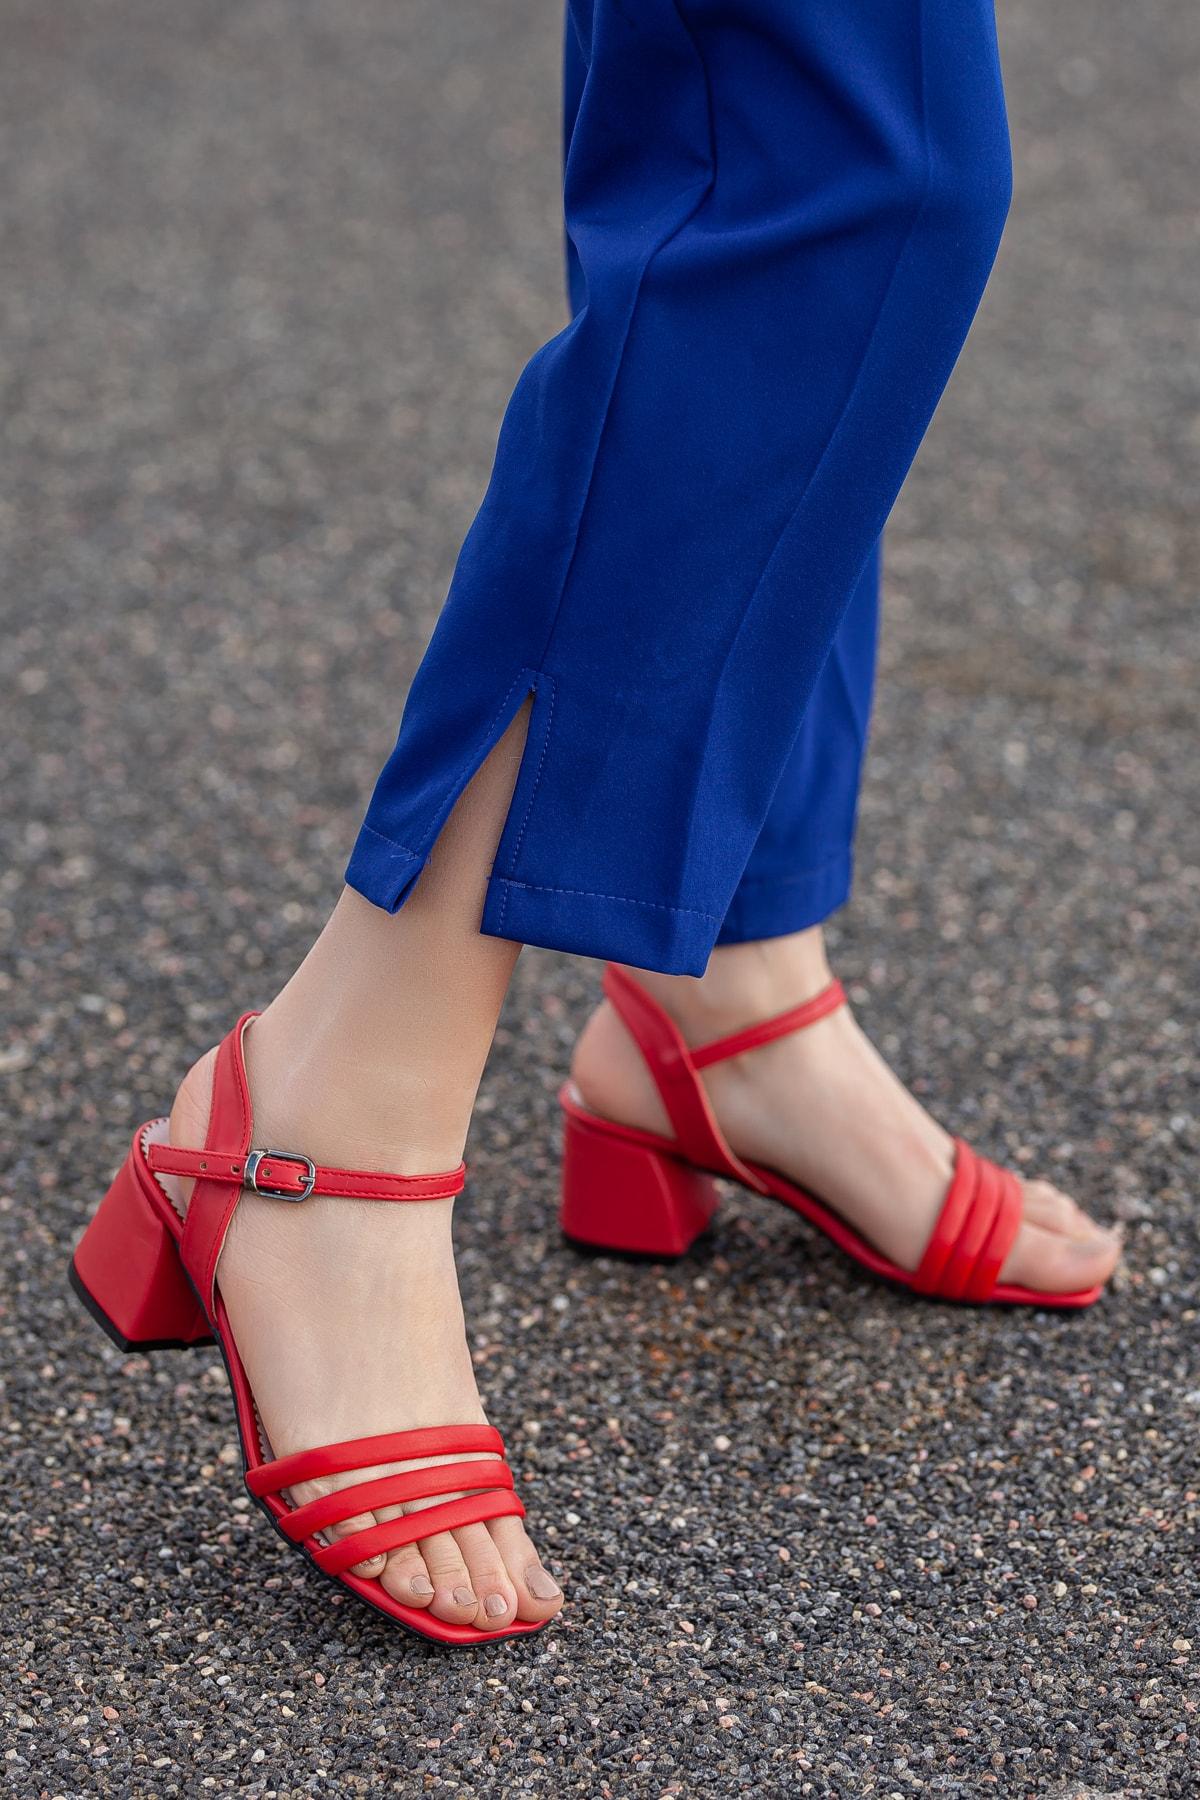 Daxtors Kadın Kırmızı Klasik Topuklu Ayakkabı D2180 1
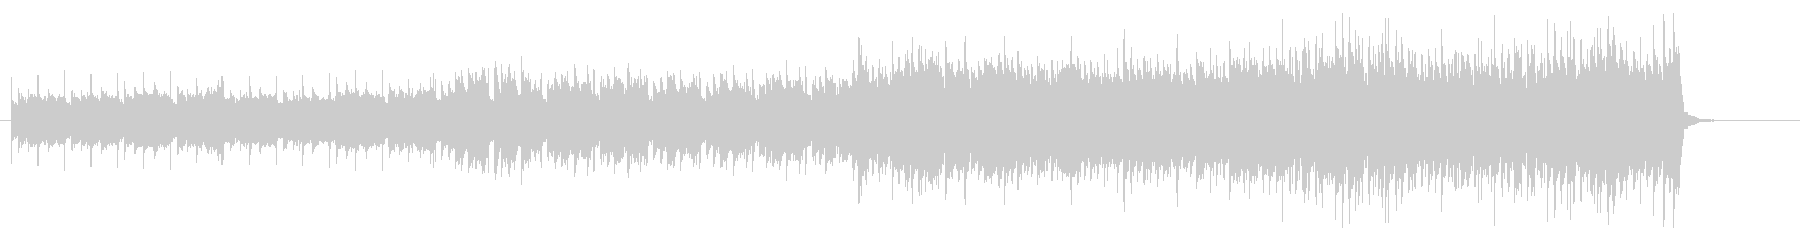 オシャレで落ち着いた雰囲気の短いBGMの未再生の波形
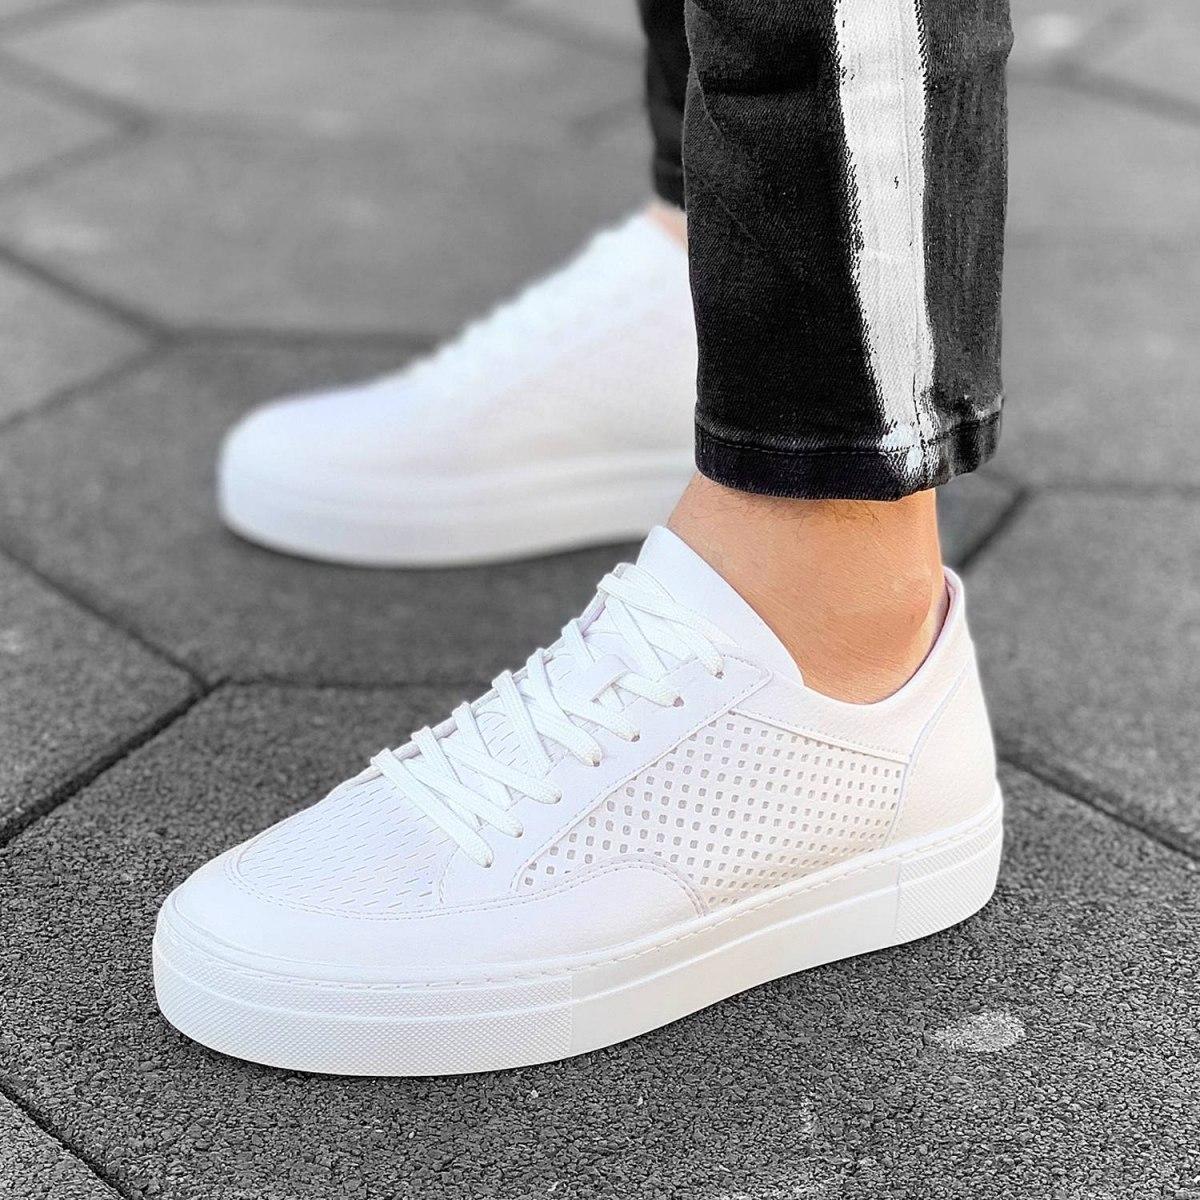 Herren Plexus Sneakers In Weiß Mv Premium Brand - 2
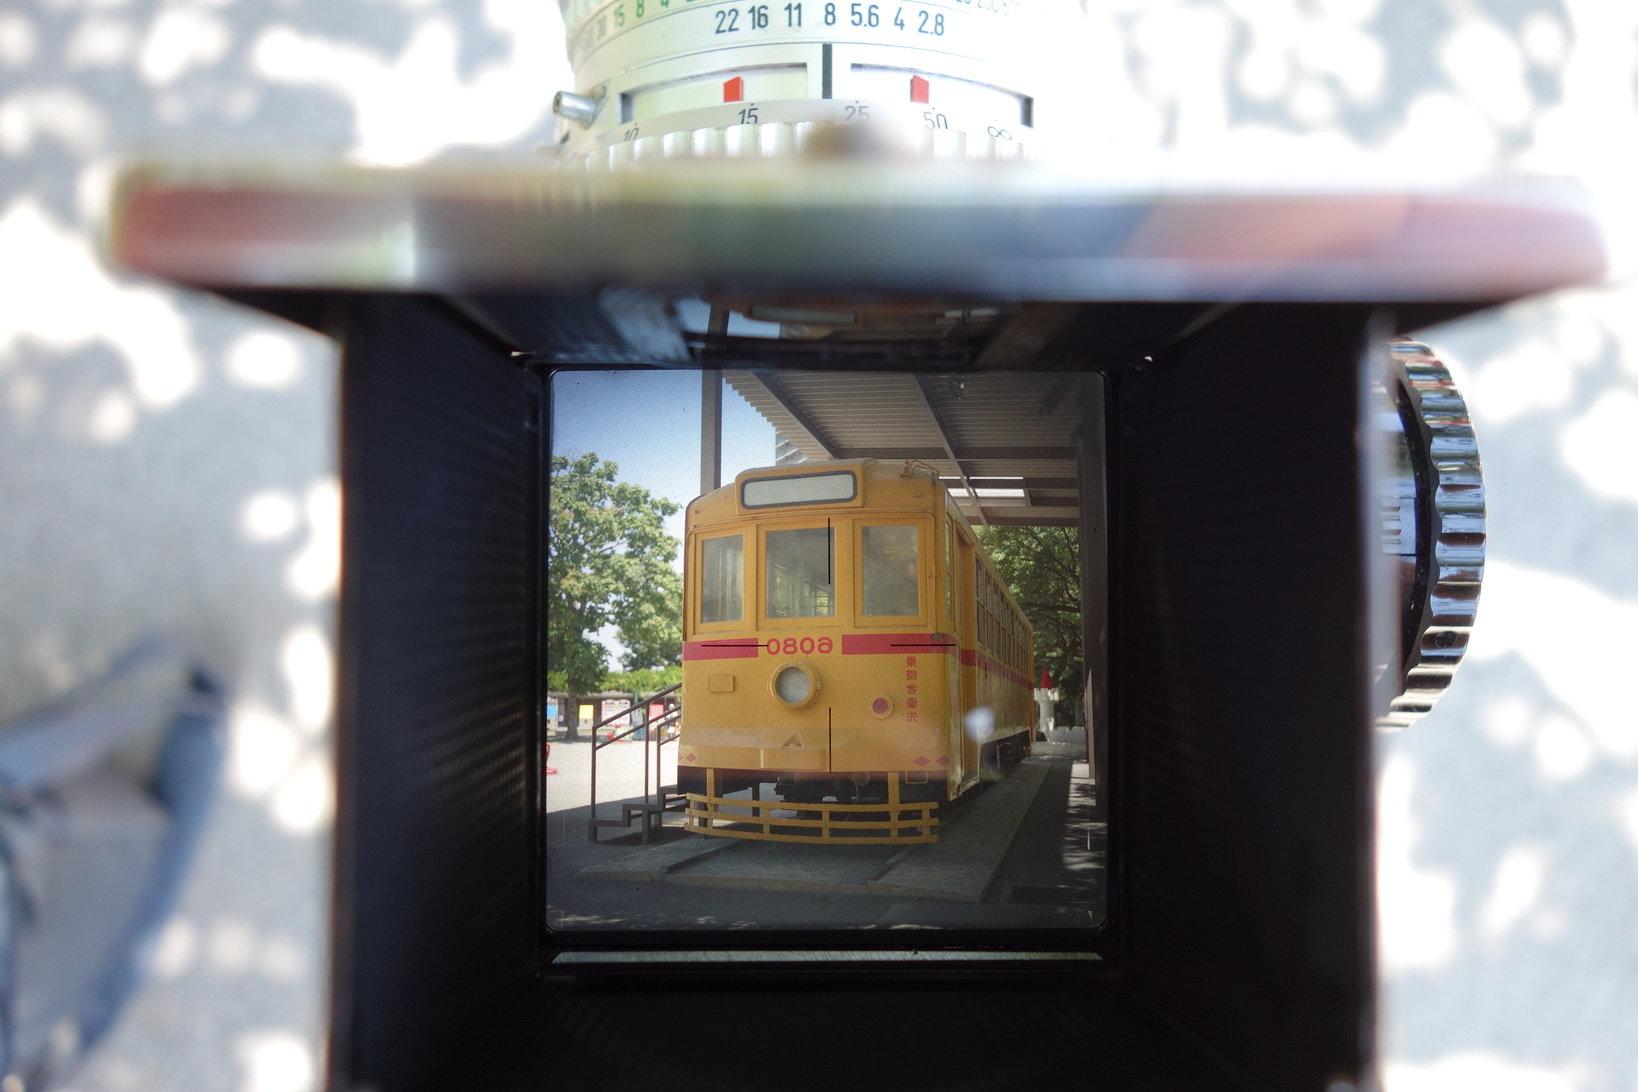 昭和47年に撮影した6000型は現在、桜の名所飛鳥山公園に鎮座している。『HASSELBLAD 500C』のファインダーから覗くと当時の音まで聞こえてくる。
────────
Please restate, word for word, the lines from the one with "Herren Plexus Sneakers" through the final line of the material, both included, and omit the pictures.

__Your solution__
 Herren Plexus Sneakers In Weiß Mv Premium Brand - 2
 昭和47年に撮影した6000型は現在、桜の名所飛鳥山公園に鎮座している。『HASSELBLAD 500C』のファインダーから覗くと当時の音まで聞こえてくる。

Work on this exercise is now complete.